Dish of the Week: By Any Name, It's Ratatouille
From classic comfort foods to regional standouts and desserts, we'll be sharing a new recipe with you each week. Find other dishes of the week here.
This week we’re covering a French classic: ratatouille.
From the French word touiller, which means “to toss” – ratatouille is a traditional Provençal dish of stewed vegetables. Though it is thought to have originated as a peasant dish in Nice, France, it has several different aliases throughout the Mediterranean region, so its exact origin is unclear. In Greece, it’s known as tourlou; in Turkey, briam; and in Southern Italy, it goes by the name ciambotta.

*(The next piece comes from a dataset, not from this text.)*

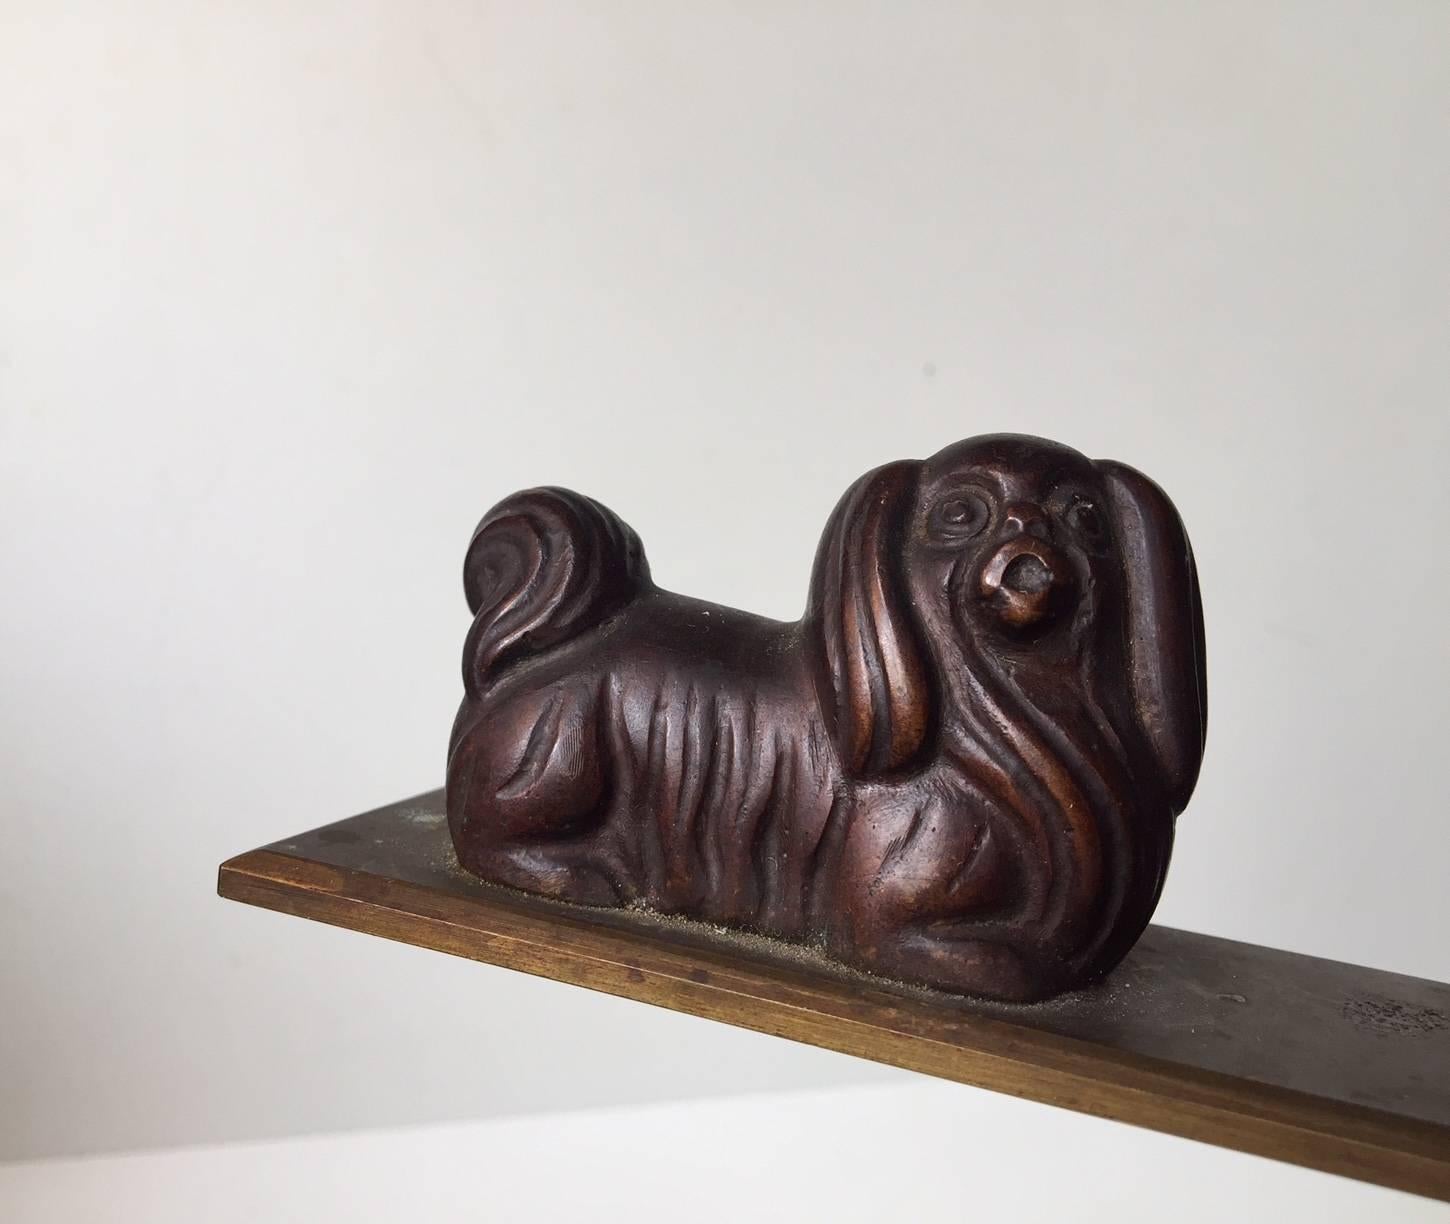 Very heavy desk ornament or paperweight composed of patinated bronze. Its depicting a Pekingese dog and a cat. It was manufactured in Scandinavia during the late 1920s or early 1930s.

Ratatouille is typically made with summer vegetables – including tomatoes, onions, peppers, eggplant and zucchini – along with a mixture of fresh herbs and spices; the ingredients are layered and then baked in a casserole. It can be prepared all at once or by cooking the components separately before baking (a method Julia Child preferred).
Not only is ratatouille a tasty way to use those summer vegetables, it's also incredibly versatile. Make it as a side dish for roast chicken; serve it as is alongside a hunk of crusty bread; or turn into breakfast by adding a fried egg.
This recipe, from Saveur, incorporates a mixture of fresh and dry herbs, including fresh basil and parsley along with fragrant herbes de Provence.
Ingredients serves 6
1/2 cup extra-virgin olive oil
1 tbsp. dried herbes de Provence
6 cloves garlic, smashed and peeled
2 large yellow onions, quartered
1 bay leaf
2 medium zucchini (about 1 1/4 lbs.), cut into 2" pieces
1 medium eggplant (about 14 oz.), cut into 2" pieces
1 red bell pepper, stemmed, seeded and quartered
1 yellow bell pepper, stemmed, seeded and quartered
10 whole peeled tomatoes from the can, drained
Kosher salt and freshly ground black pepper, to taste
1 tbsp. chopped fresh basil leaves
1 tbsp. chopped fresh flat-leaf parsley
Heat oven to 400 degrees. Heat oil in a six-quart Dutch oven over medium heat. Add herbes de Provence, garlic, onions and bay leaf; cover and cook, stirring occasionally, until soft and fragrant, about ten minutes.
Increase heat to high; stir in the zucchini, eggplant, peppers, and tomatoes and season with salt and pepper. Uncover pot, transfer to the oven and bake, stirring occasionally, until vegetables are tender and lightly browned, about 1-1/2 hours.
Stir in basil and parsley, transfer ratatouille to a serving bowl and serve warm or at room temperature.